En uno de los capítulos más gloriosos que protagonizó, Peres convenció a Itzjak Rabin en su empeño de negociar la paz con sus vecinos. Siempre estuvo persuadido de que los aspectos económicos tienen una importancia crucial en la concreción de un Medio Oriente armonioso. De esa manera, amplias asignaciones de los Acuerdos de Oslo se basan en un gran desarrollo, pues vislumbró una región próspera que involucrara a Egipto, Jordania y a los palestinos en una integración productiva y fructífera.
La idea comenzó a dar resultados, y las negociaciones lograron éxitos tangibles que pudieron haber modificado la zona mesoriental. Sin embargo, el progreso se truncó debido a los numerosos embates terroristas perpetrados por radicales palestinos que buscaron su fracaso.
Arafat no supo o no quiso combatir la violencia. Lo cierto es que demostró que, tras décadas de asesinar tanto a ciudadanos israelíes a través del terror, como a sus compatriotas que competían con su liderazgo, no se trasformó en un verdadero estadista que condujera a su pueblo hacia un futuro promisorio.
De hecho, Arafat no fue la indispensable contraparte. No construyó una democracia funcional que habría dado simetría a ambas partes negociadoras. Por el contrario, Arafat fue un depredador; bajo su gobierno se estableció una mafia corrupta que mantuvo sometido al pueblo palestino. La decadencia de Arafat trajo como consecuencia el triunfo electoral de Hamás en Gaza y, luego, la expulsión de al-Fatah del enclave costero.

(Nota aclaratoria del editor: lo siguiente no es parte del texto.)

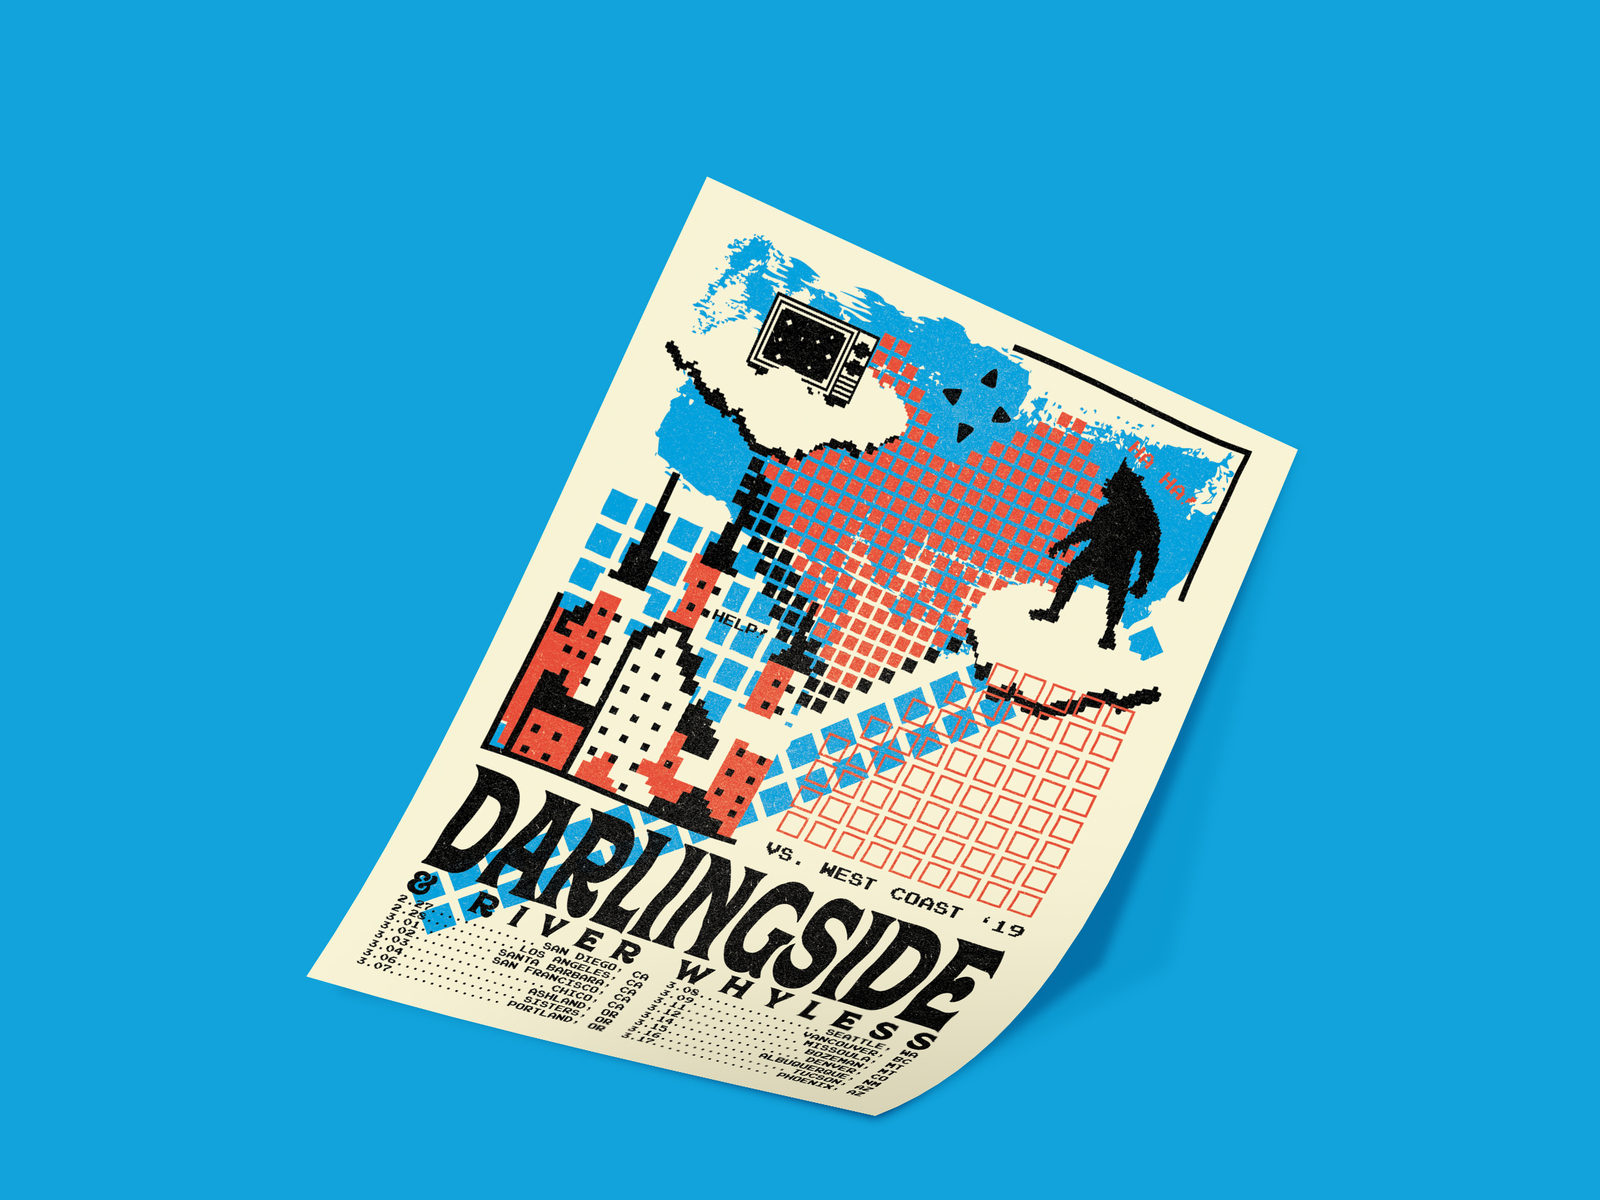 Darlingside Tour Poster by Gregory W. Dyson on Dribbble

Con frecuencia, las arengas de Arafat en árabe instigaron contra Israel; de ese modo incumplió con una de las condiciones básicas de los Acuerdos de Oslo: generar un ambiente propicio entre los pueblos. La ciudadanía israelí sufrió cruentos ataques terroristas, tras los cuales constató que el proceso de paz no estaba redundando en mayor seguridad, y el holgado margen de preferencia de que gozaba Peres disminuyó drásticamente.

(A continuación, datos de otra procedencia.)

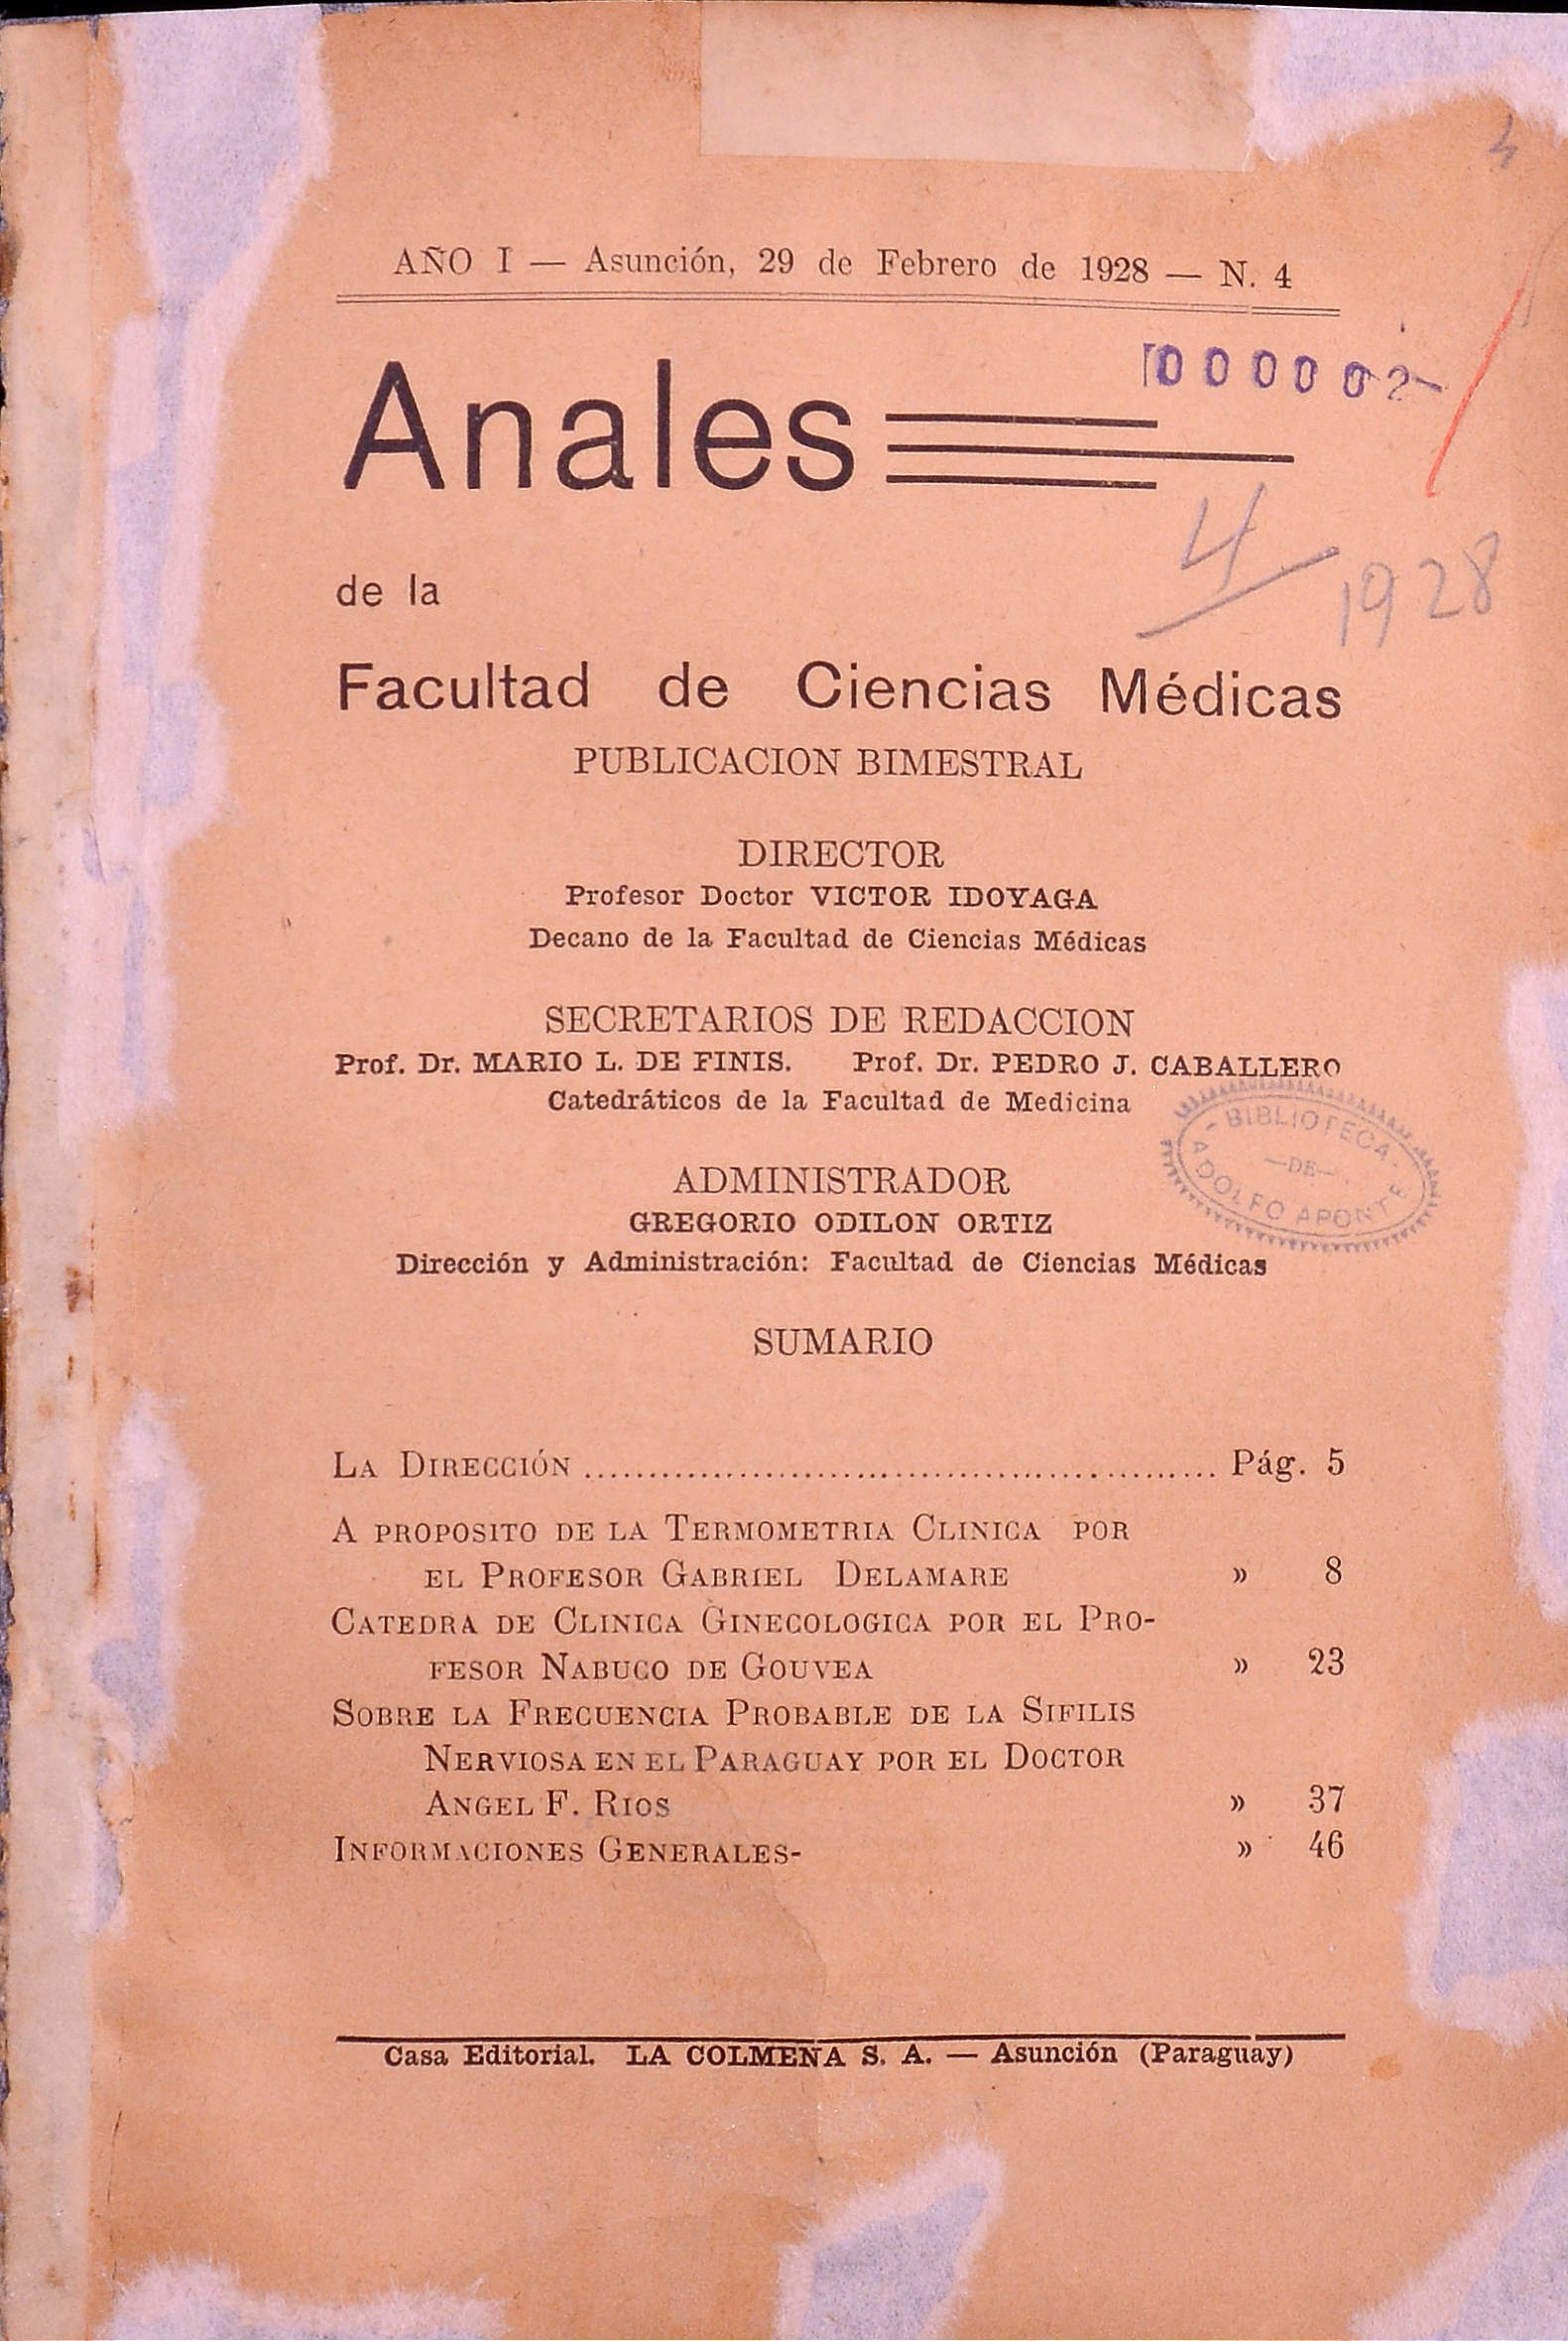 					View Vol. 1 No. 4 (1928): ANALES of the Faculty of Medical Sciences

Tal vez análogo al relato de la rana y el escorpión, el veneno de Arafat contaminó lo pactado. Cabe la posibilidad de que para el tramposo presidente de la Autoridad Palestina los convenios solo fueron un cambio de táctica, en el viejo plan por fases que buscaba la destrucción de Israel, pero con una nueva y útil imagen ante un mundo ingenuo.
Eran tantas las ansias de alcanzar la paz, que Peres y Rabin cometieron la seria falla de no exigir de forma contundente, obligando la acción de los garantes, el acatamiento de la letra de los Acuerdos de Oslo.